There are probably a bunch of other things. Banking. Accounting. Etc. Tax, FFS. The U.S. tax authorities cheerfully bang you with $10,000 penalties because you forgot to file a form saying you are a shareholder in a foreign corporation, so all of a sudden the tax return preparation job for the VC becomes much riskier and therefore expensive.
As one of my investor clients (not an American, and trying to decide whether he should invest in a U.S. deal or not) once said to me,
“Why should I fly 10,000 km to lose money when I can lose money at home?”
It’s a fair point.
The second thing hiding in this question is the question of taxation. How will this mobile software venture be taxed? Look at this from two perspectives:
- How and where will the business profits be taxed? and
- If there is a successful exit for this start-up (a publicly traded company comes running with fistfuls of $100 bills) how and where will that be taxed?
The question of setting up a multi-national business in order to minimize taxation on business operations and net profit is exceedingly complex. Spock and three-dimensional chess and all that stuff.
I’ll leave that alone, except to say that as soon as you have humans working inside the United States (in my correspondent’s example, he expects to have a US sales force), you have a sufficiently strong connection to the USA so that it can exert its taxing power over you. Your best hope at that point is to limit how much of the overall worldwide business profit will be taxed in the United States. You don’t want to be based in Country X, make sales to customers in Country Y, and have the USA tax your profits when no part of the business transaction touched the USA.
The question of cashing out ultimately becomes one of “who owns what?” and “what is being sold?” If PublicCo buys out Start-up’s stock, that causes one type of result. If PublicCo buys all of Start-up’s assets (all of the IP, for instance), that leads to a different type of result. Again, three dimensional chess and all that stuff.
However, on the “cashing out” question there is a default starting point for me. If my correspondent paid me money to work on this I would start on the assumption that all of the IP that is developed should be owned from inception by a non-U.S. company. To the extent that the IP is exploited in the USA, it will be done by a limited license granted by the non-U.S. company. I would then find reasons to deviate from that starting assumption.
The reasons for this are best left to some other blog post. But as a general idea: IP that is owned by a U.S. person (corporation or human) and transferred to a foreign person (corporation or human) will generally be treated as a sale, even if it is not a sale. There is a toll charge to get ownership of IP out of the United States. There is no equivalent toll charge for IP transferred from a foreign owner to a U.S. owner.
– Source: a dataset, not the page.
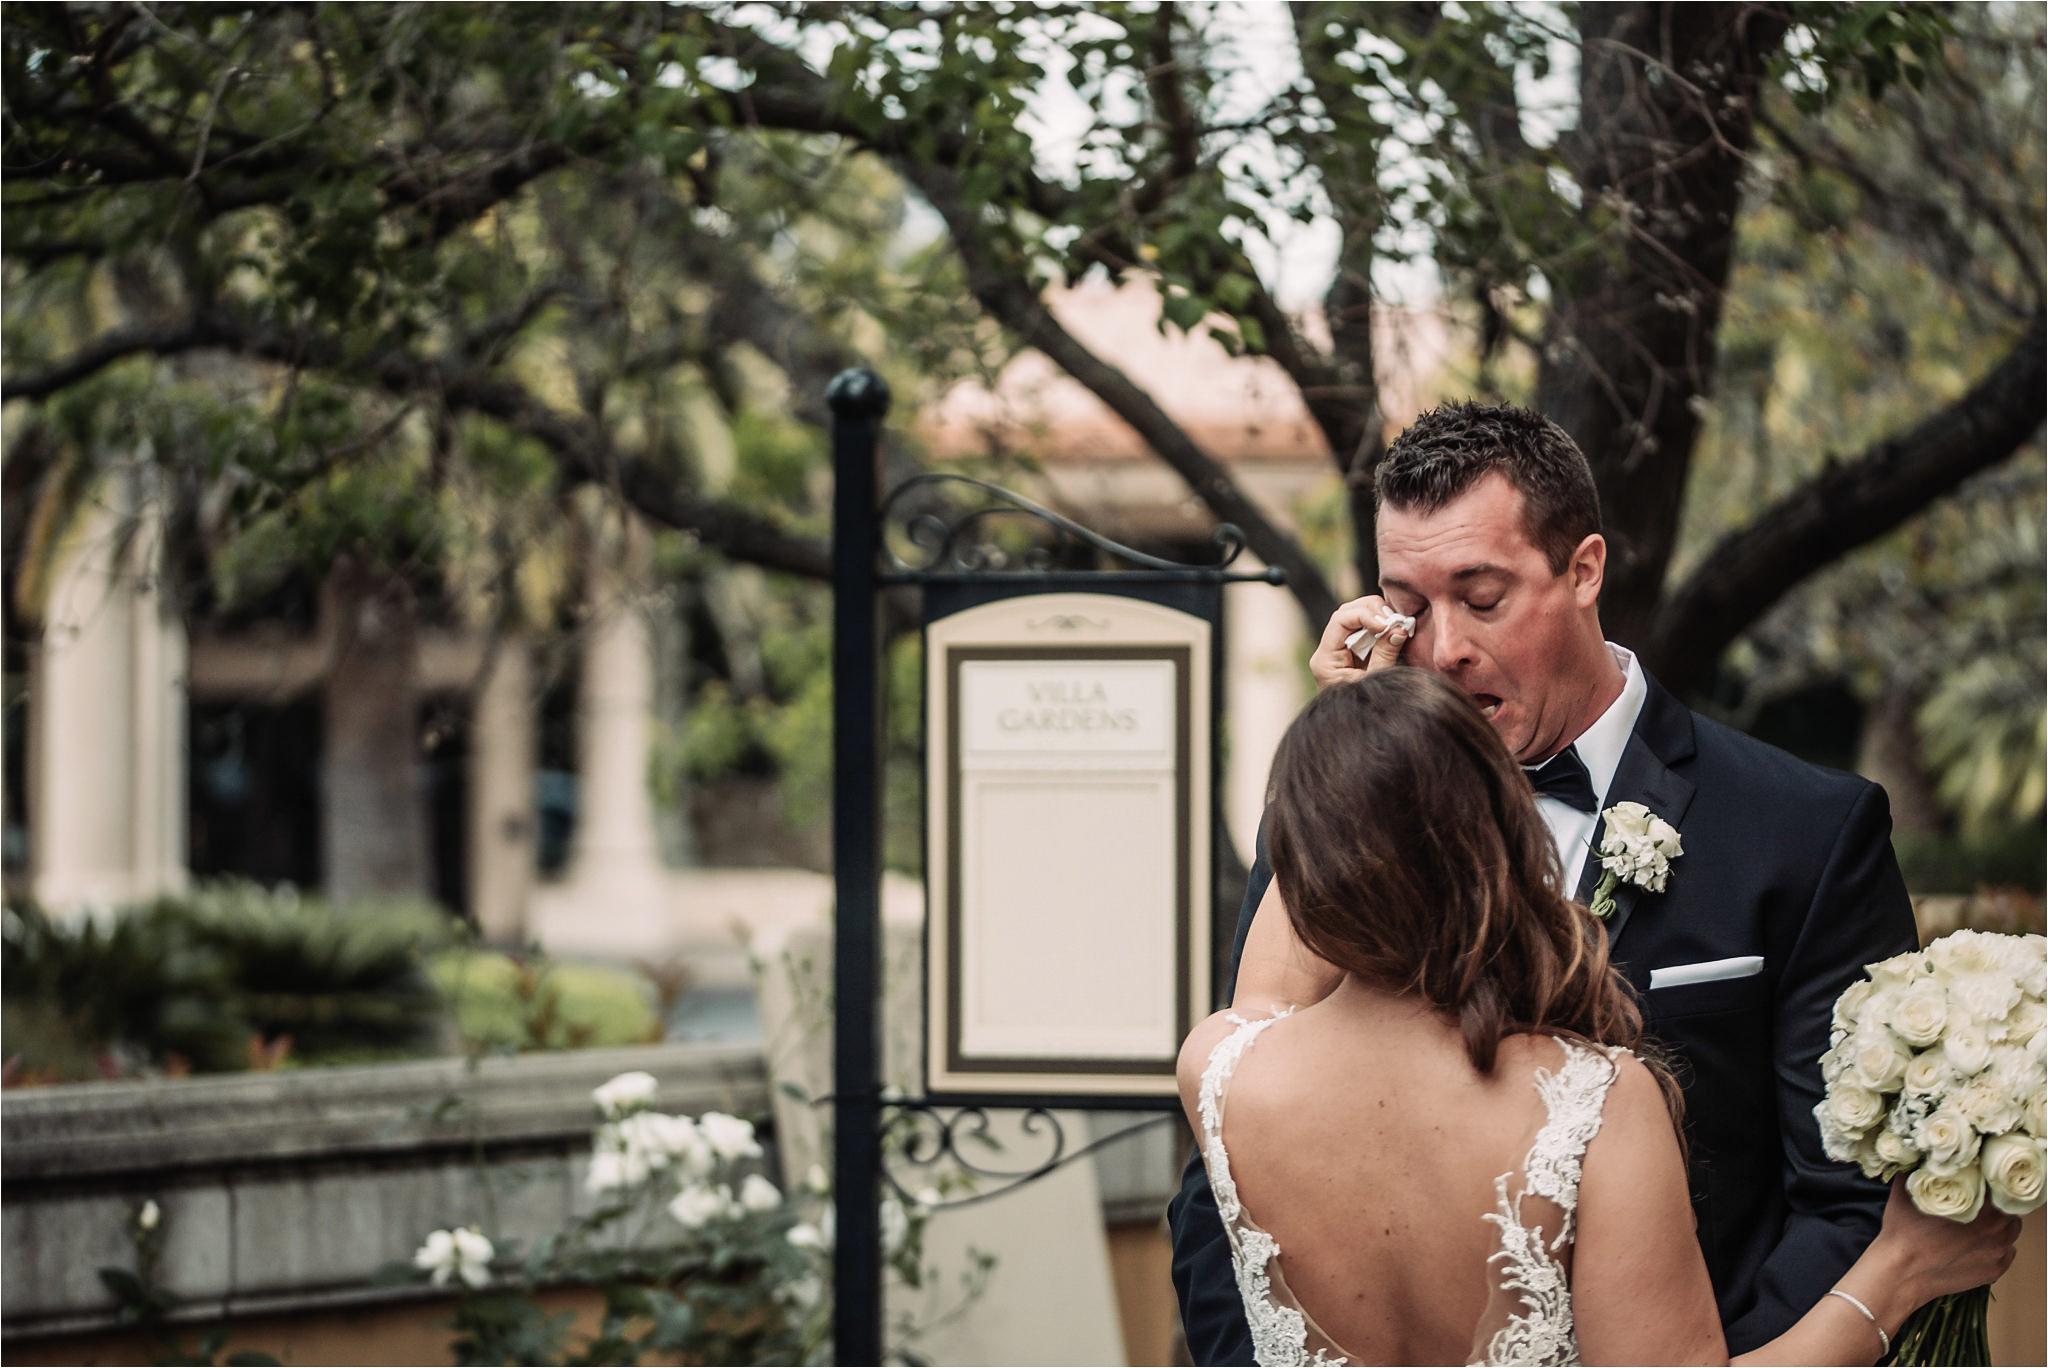 jessica-roman-photography-arden hills wedding photograpger-sacramento-boise-12.jpg

In other words, for companies that own IP, the United States is a roach motel. You can come in, but you can’t get out, without a giant tax cost.
Toll charge on IP
I’ll give you an example. I worked on a deal for an online company that started from nothing and built a big, profitable company. They decided to restructure and reincorporate outside the United States for various and good business reasons.
At that point one of the assets of the company was the domain name. (Duh). The domain name would go–along with all of the other assets of the California corporation–to the new foreign corporation. Same shareholders as before, same business operations, same engineers sitting in the same place doing the same stuff. When we were going to do this deal the domain name appraised at a value of $6,000,000.
The transfer of the domain name from the California corporation to the foreign corporation would have been treated as a sale. The difference between what you pay for a domain name ($10) and what you sell it for ($6,000,000) is taxable income.